Technical Analysis – Average True Range
It’s no secret that, personally, I’m not the biggest fan of technical indicators. That being said, while testing Equities Lab most recent release I seem to have stumbled across an operator that consistently improves the performance of every screen that I use it with.
What exactly is the Average True Range indicator?
You start by finding the average for the day by calculating (daily high – daily low). You find this number for the past 14 days, or 14 periods if you’re basing your analysis on a different time, and you take the average. This becomes the Previous Period Average True Range.
You then need to simply calculate the high-low for the most recent day in your analysis.
Now for the magic. At this point you need to take the previous time period and multiply it by the number of days in that period. This ensures that you will always have an updated previous average true range that is updated to one day ago. Once you have that number you simply add today’s range and divide that total number by 14. This will give you the current average true range.
So, when do you buy?
When looking at the Average True Range you want companies that aren’t extremely volatile. With volatility comes unpredictability. Instead, we want to find companies that are trading on the lower end of a price range that they are statistically likely to stay within. By only purchasing companies with an Average True Range of less than 1, we are effectively cutting out any and all companies that are trading in the top end which may not be able to increase in price much higher.
How well does it work?
Here is a basic screen where we find every company with a share price greater than $40. I went ahead and backtested this “strategy” over the past 16 years and here are the results. This screen did actually beat the overall market since 2000, but not by much.
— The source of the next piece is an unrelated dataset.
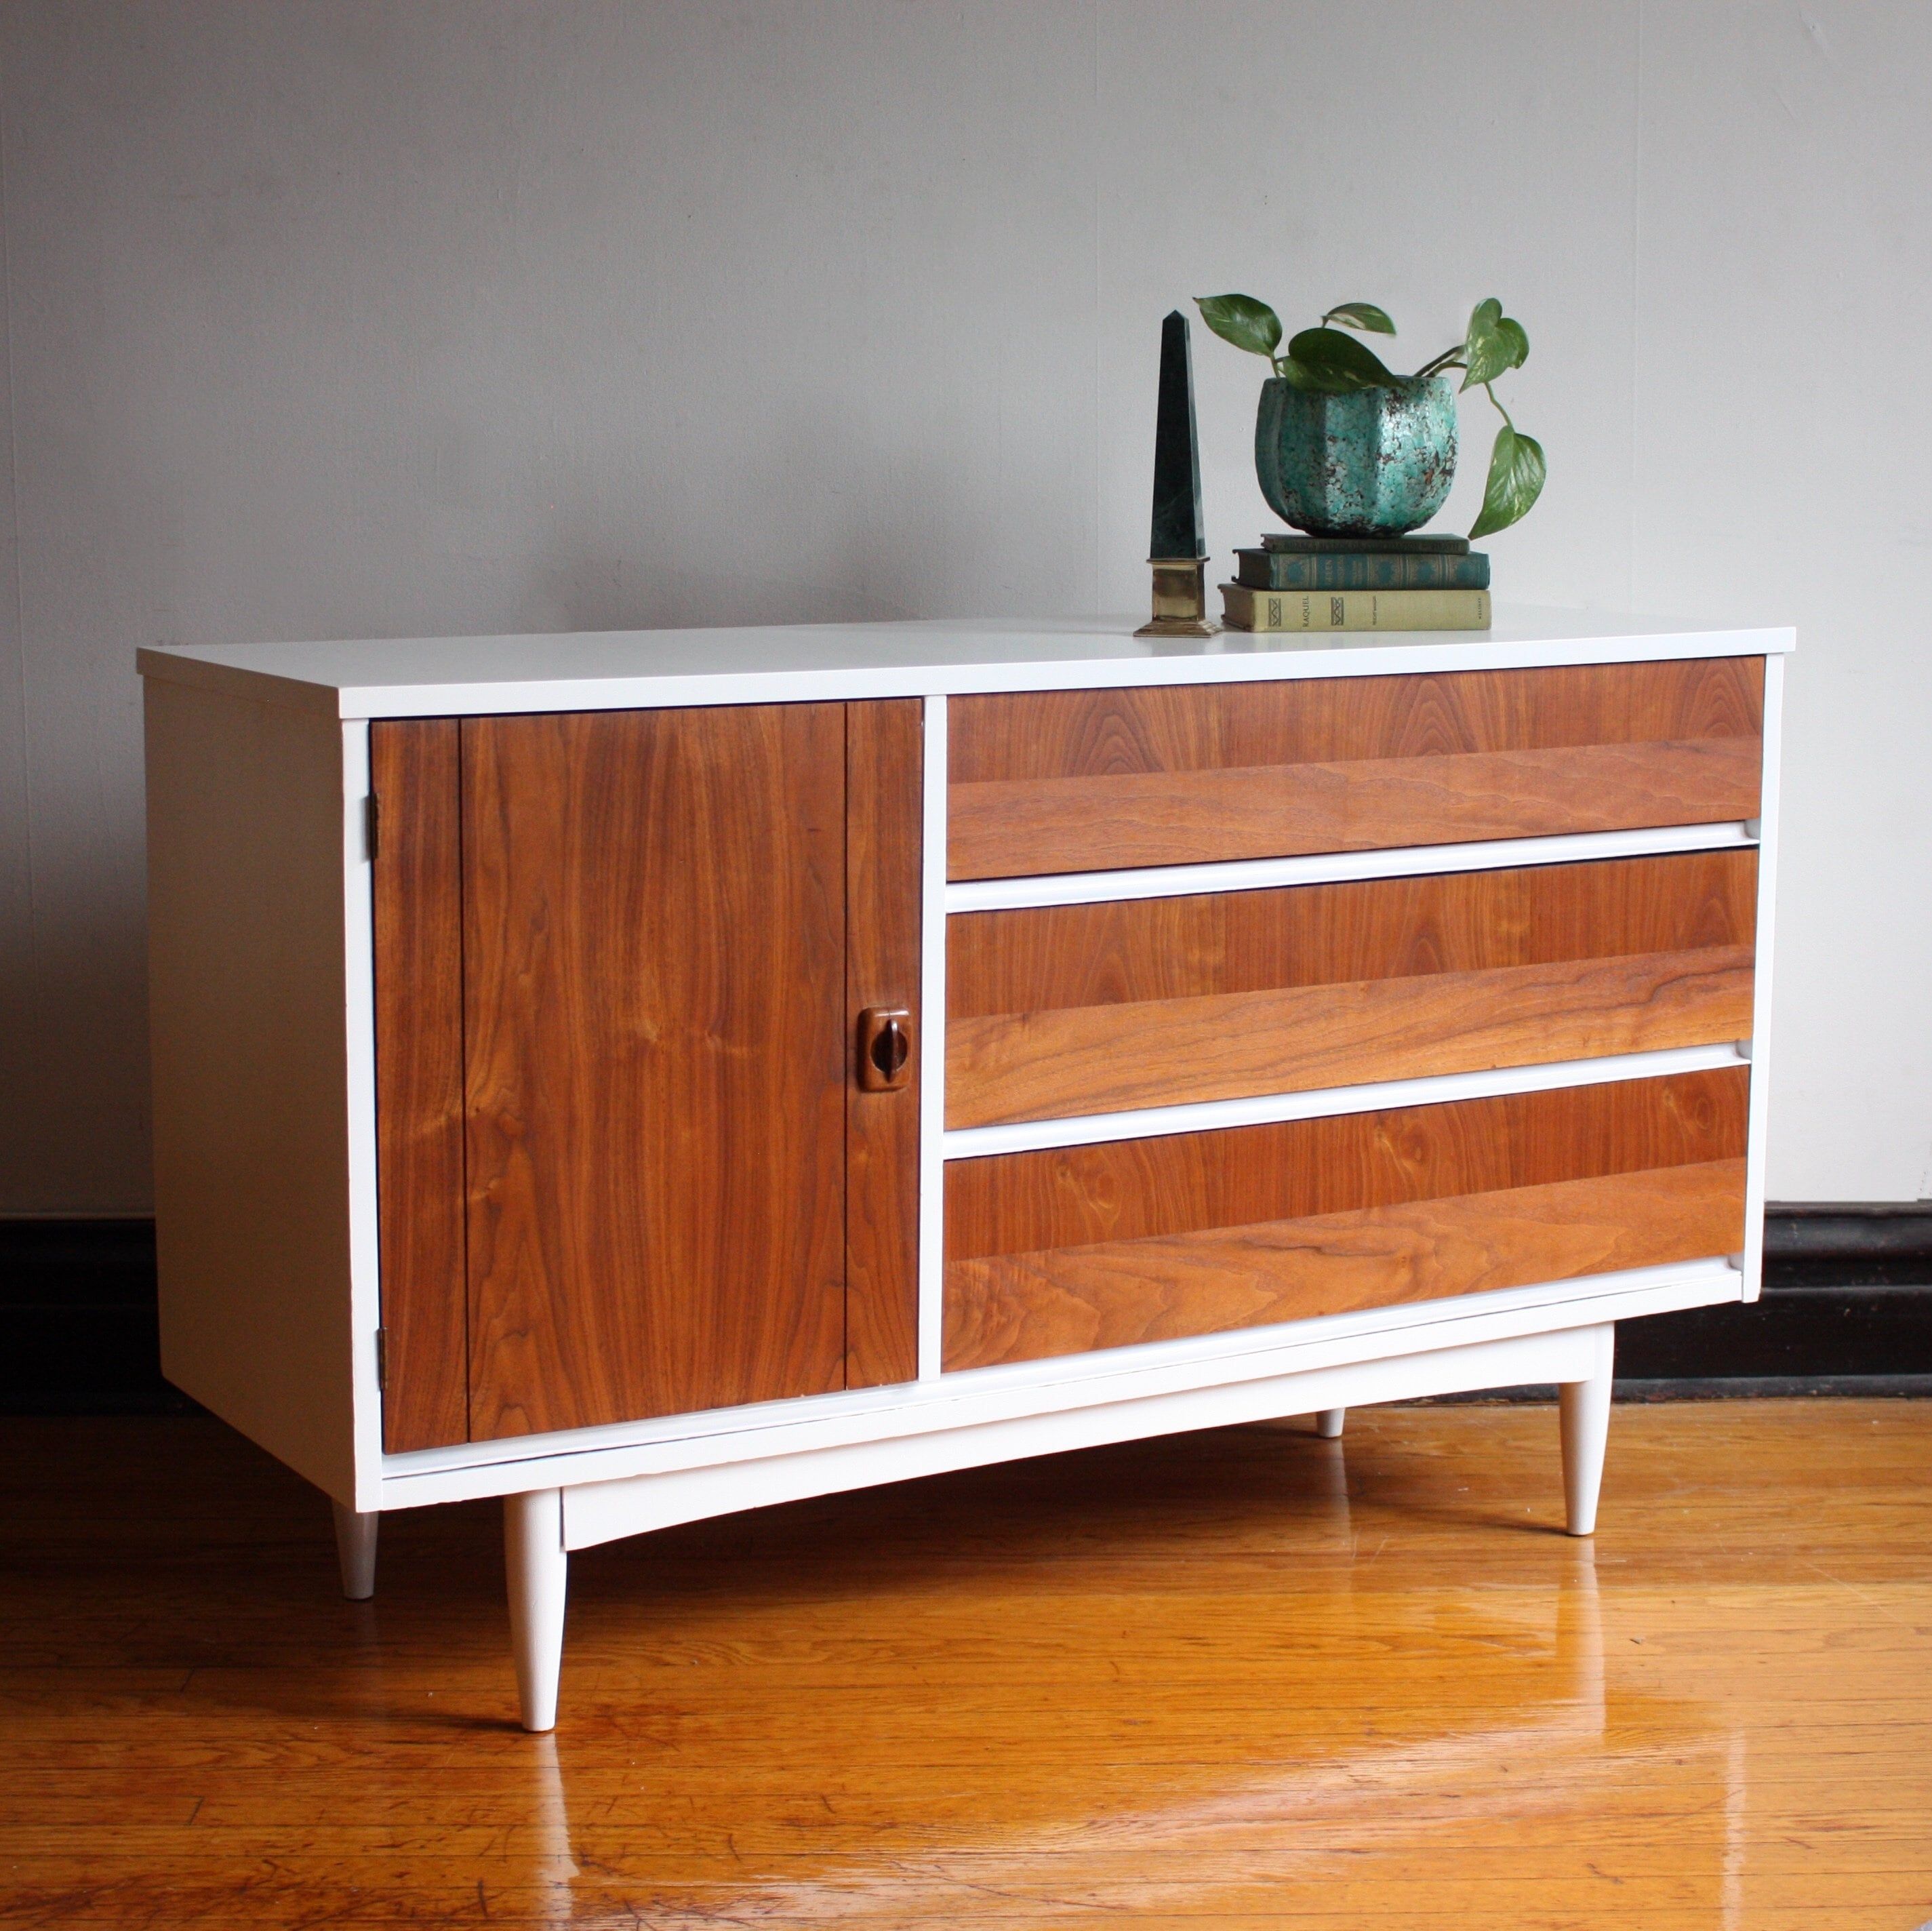 Soldwhite And Wood Mid Century Modern Credenza//mcm Media – Etsy With Most Current Mid Century Modern White Sideboards (View 14 of 15)
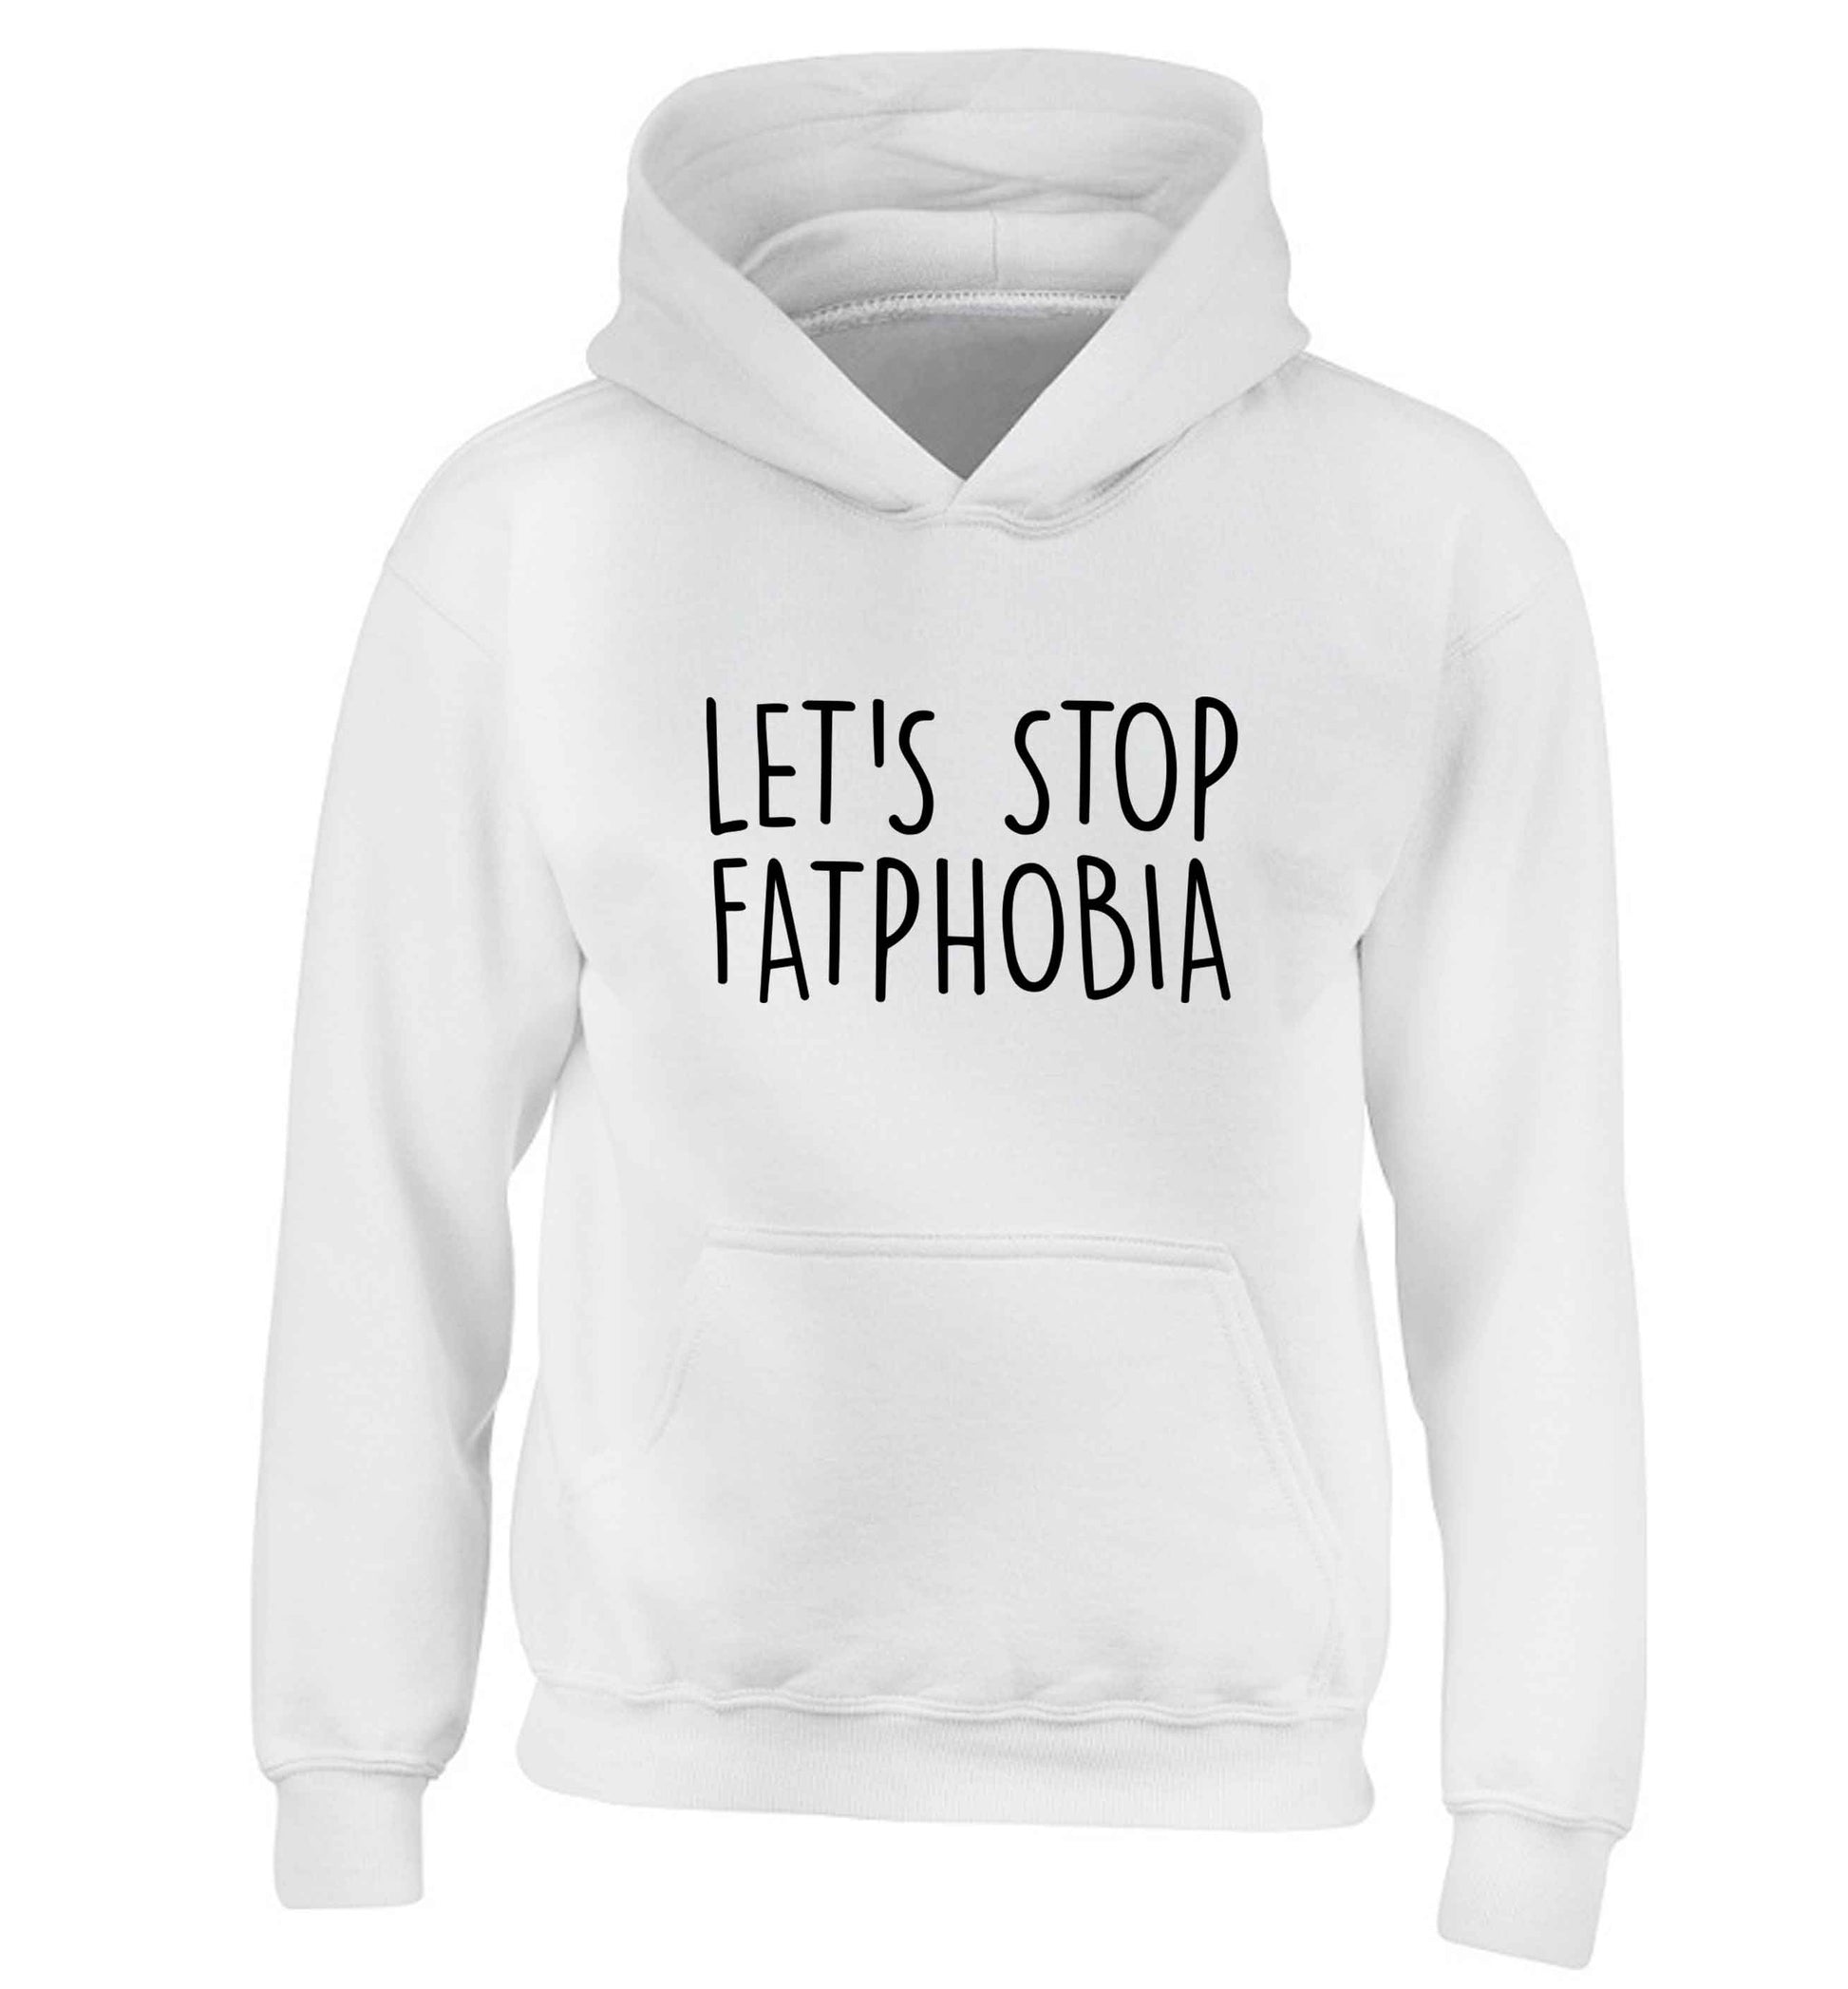 Let's stop fatphobia children's white hoodie 12-13 Years

Here we’ve backtested the same screen with the added “Average True Range” trading model, and what a difference that trading model makes. We aren’t beating the S&P 500 yet, but we went from keeping up with the S&P 500 at a higher standard deviation, to completely crushing the overall market – returning over 14% annually since 2000. What’s even better is that since this model is based on volatility we are able to drop the risk profile of the strategy overall and trade at a standard deviation of 3.80% compared to the S&P’s 4.65% for the same time period.
What’s even more baffling is that this trading model seems to work across the board. In most every screen I added the model to the returns increased, even if only by a small amount.
Overall, I’d test to see how this along with other volatility models can improve your primary investment strategy.